Figure 1. Interaction with the EJC is required for Btz function in the ovary.

• A
  Diagram of the genomic rescue constructs in which wild‐type Btz (Btz‐WT) or Btz with the H215A and D216A mutations (Btz‐HD) is C‐terminally tagged with GFP and driven by its endogenous regulatory sequences.
• B
  Co‐immunoprecipitation of HA‐tagged Btz‐WT or Btz‐HD with Myc‐tagged GFP or eIF4AIII from transfected S2R+ cells using Myc‐Trap Magnetic Agarose beads. The upper Western blot is blotted with anti‐Myc and the lower with anti‐HA. Input samples are shown on the left and immunoprecipitates on the right. Btz‐WT co‐immunoprecipitates with eIF4AIII, but Btz‐HD does not, although the protein is equally stable. The asterisk represents a likely cleavage product of Btz.
• C–F
  Stage 10 egg chambers stained with anti‐Vasa (C‐F) or anti‐GFP (E’, F’). (C) wild‐type; (D) germline clones homozygous for the null allele btz² ; (E) btz² germline clones rescued with Btz‐WT; (F) btz² germline clones rescued with Btz‐HD. Posterior is to the right.
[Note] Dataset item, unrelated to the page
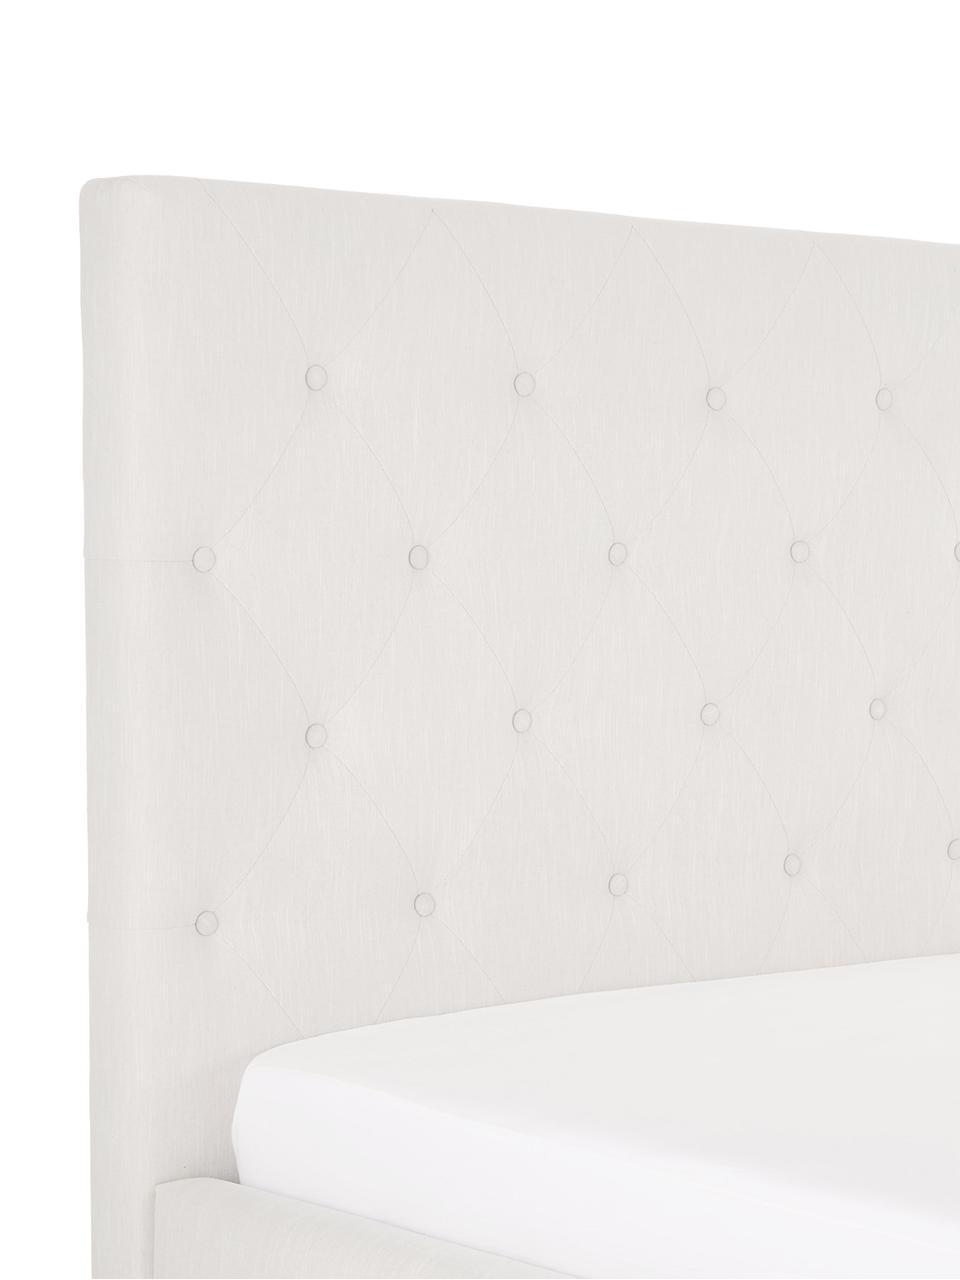 Gestoffeerd bed Serene, Frame: massief grenenhout, Poten: massief eikenhout, Bekleding: polyester (structuurstof), Beige, 180 x 200 cm

Scale bars, 80 μm. Vasa localization to the posterior pole of the oocyte is lost in btz mutants and is rescued by the wild‐type but not the EJC interaction‐defective transgene. Wild‐type Btz‐GFP, but not the mutant form, is also slightly enriched at the posterior pole.

Source data are available online for this figure.